Coronary artery disease (CAD) affects millions around the world and is the leading cause of morbidity and mortality in many countries. It occurs when cholesterol deposits and inflammation restrict blood flow to the heart.
A German team has made a bounding leap in diagnosing serious heart conditions which may offer patients a second chance. The team is using a technique called late gadolinium enhancement (LGE) in patients with coronary artery disease to find myocardial infarctions (MI) that are hidden to traditional methods.
Although most infarctions (heart attacks) occur with classical symptoms like sharp pain in the heart region and/or arm, difficulty breathing and fear of dying, there are so-called silent heart attacks that can still influence prognosis.
"These patients represent almost half of the patients found to have MI. Thus, silent MI has to be regarded as a frequent finding in LGE cardiac MRI," noted Dr. Bernhard Klumpp and colleagues from the department of radiology at Eberhard Karls University Tübingen. "Although these MI are smaller than apparent MI, they are of clinical relevance as the presence of MI is linked to an unfavorable prognosis."
Its known from clinical data that many patients who suffer from coronary artery disease (CAD) have a silent progression of the disease. This means that they may have a heart attack and never know about it. This also has serious effects on the prognosis, which is why these patients must be strictly monitored and corresponding tactics should be employed.
In this study, however, Klumpp et al. decided to study silent heart attacks in patients showing symptoms of coronary disease. Two hundred and forty patients were studied, which included 182 men and 58 women. Of the 240, 181 had previous history of CAD while 76 experienced a heart attack in the past. All patients either had previous or new symptoms of CAD or known CAD with recurring or increasing symptoms.
Patients underwent myocardial perfusion, functional and viability imaging using a 1.5 Tesla MRI system (Magneto Sonata and Avanta, Siemens). Localized contrast enhancement of a delineated shape with its base at the endocardial border on LGE images was defined as MI. The images were then classified by their size and location. The supplying coronary artery and localization were described according to the American Heart Association’s recommended 17 segment model. The degree of infarction was determined semiquantitatively by the number of affected segments and location was described by the number of each damaged segment.
Patients with confirmed MRI on LGE cardiac MRI were divided into two groups, the first were patients with previous history of MI, and the second, patients with no history of MI. Subsequently, both groups were compared and analyzed by size, location of MI, and left ventricular function.
Pic. 1. Total number of segments involved in myocardial infarction for each vessel territory compared for patients with apparent (group one) and with silent (group two) myocardial infarction. (LAD = left anterior descending artery, RCA = right coronary artery, LCX = left circumflex artery). Image courtesy of Dr. Bernhard Klumpp.
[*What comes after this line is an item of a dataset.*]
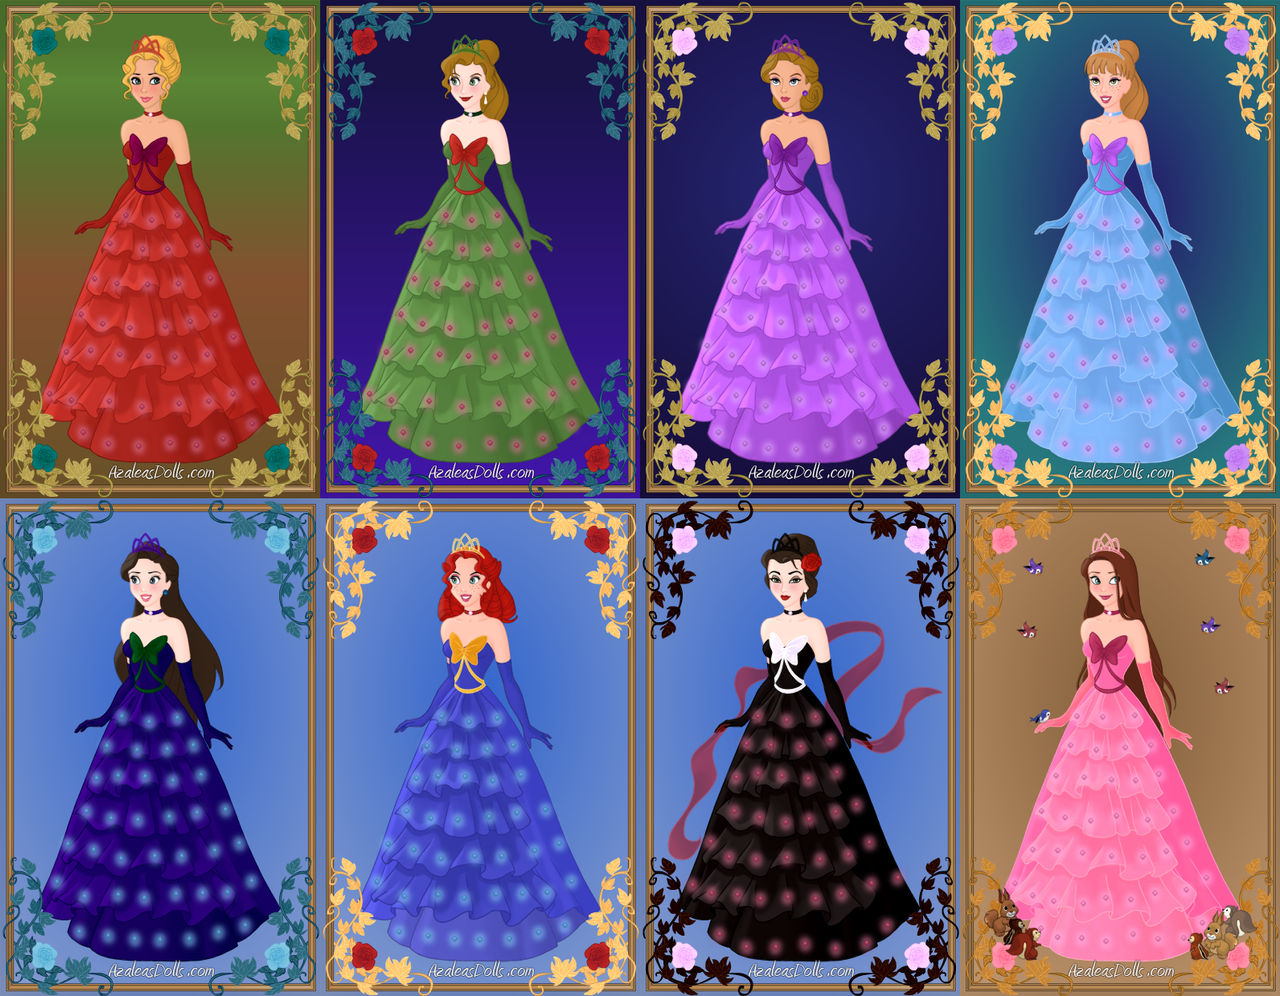 Azalea's Dress up Dolls] Made this thinking of the modern Bond movies :  r/DressUpGames
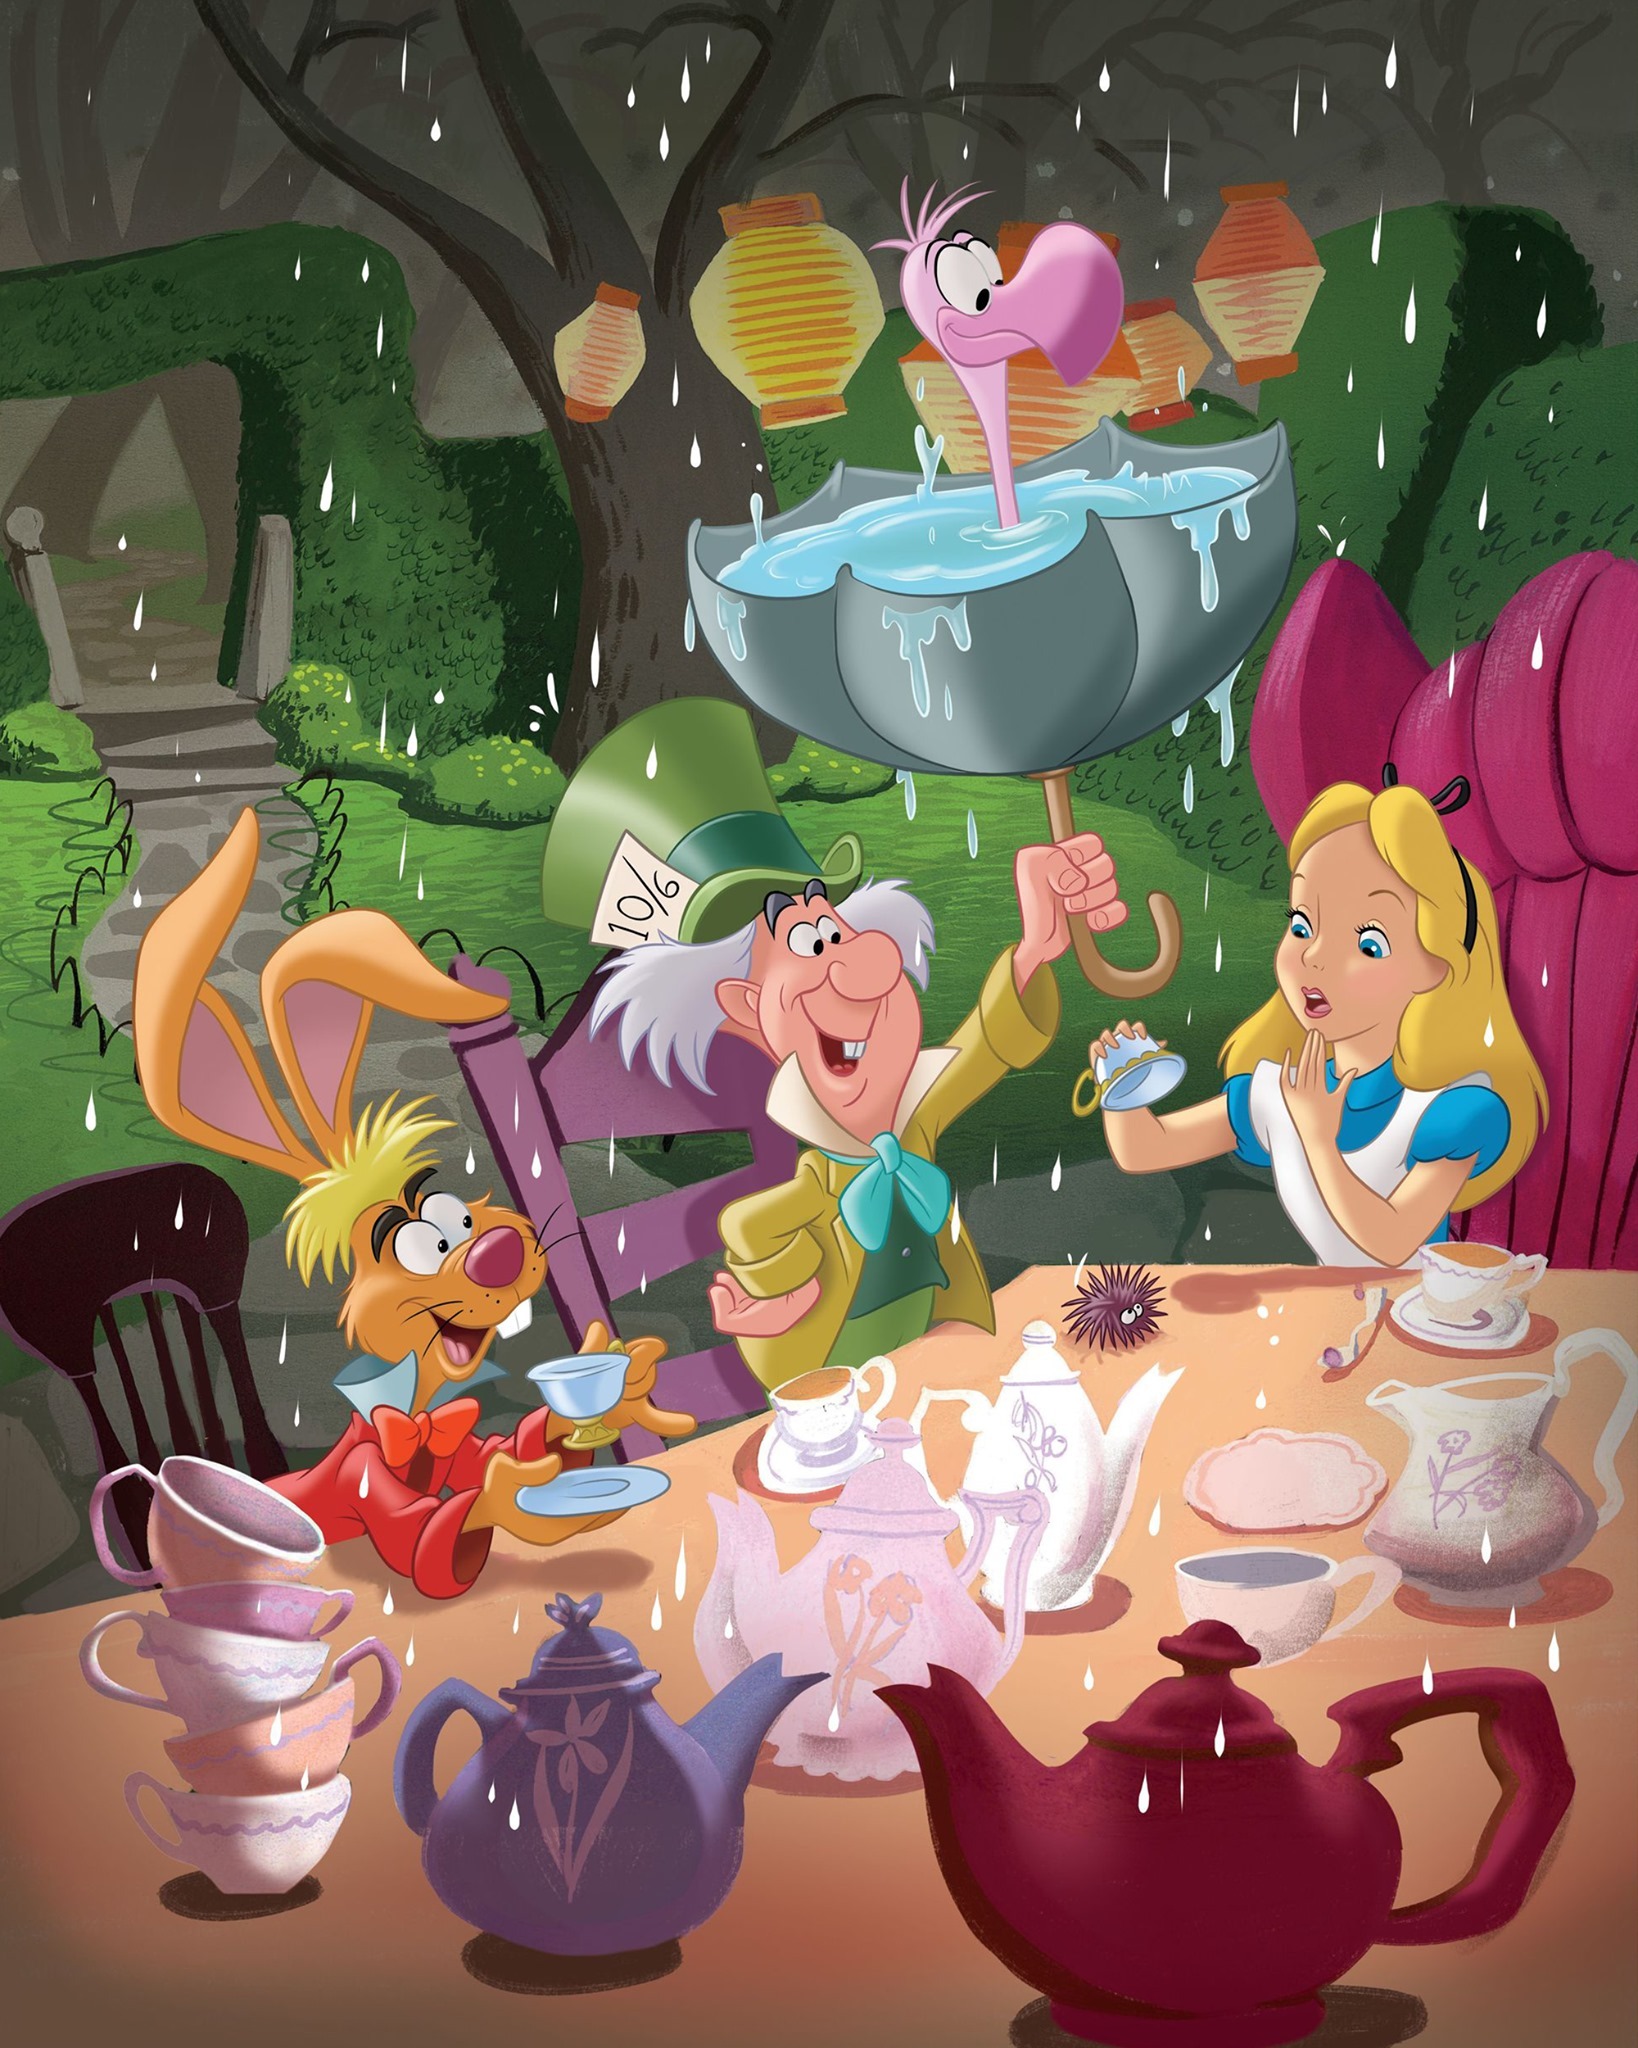 Disney on X: It's a very merry mad tea party in Wonderland! https

Coronary artery disease was confirmed in 210 patients, 118 of which (56%) had confirmed MI on LGE cardiac MRI, and 110 of the 118 had previous history of CAD. Only 69 of the 118 patients (58%) had history of MI. Group one’s mean left-ventricular ejection fraction was 49 ± 11%, (ranging from 18% to 74%), and the size of MI was 4.9 ± 3. Group two, on the other hand, had a mean left ventricular ejection fraction of 52 ± 11%, (ranging from 22% to 72%), and an MI size of 3.2 ± 2.1.
The results showed that patients in group two were much older and MI was considerably smaller in size than in group one. These findings coincide with previously performed studies. Myocardial infarction in group two (silent MI) occurred much more often in the left circumflex artery (LCX) than in the left anterior descending artery (LAD). Silent MI was found in 27% of patients with a history of CAD and in 23% of patients that were found to have CAD during the course of the study. In other words, 42% of patients had no knowledge of having MI and were never diagnosed with MI in the past before confirmation by LGE cardiac MRI.
These findings imply that size of MI directly affects the probability of classic symptoms onset which in the group with a history of MI was significantly larger. Also, the location in cases of silent MI was mostly concentrated in the LCX region, as opposed to group one, where the location was predominantly the anterior wall supplied by the LAD coronary artery.
"Our results confirm that chronic MI is a frequent finding in patients with CAD. Yet, 42% of all MI depicted by LGE cardiac MRI throughout the study were not known before," the authors wrote. "These patients with clinical occult MI represent 23% of all patients found to have CAD in the study and 27% of patients with previously known CAD. They have to be regarded as patients at increased risk for major adverse cardiac events."
CAD is a very serious disease that affects people of all countries and social status. Oftentimes, MI is the first symptom of CAD, which is why studying myocardial viability is extremely important and can affect prognosis and risk of MI or recurrent MI.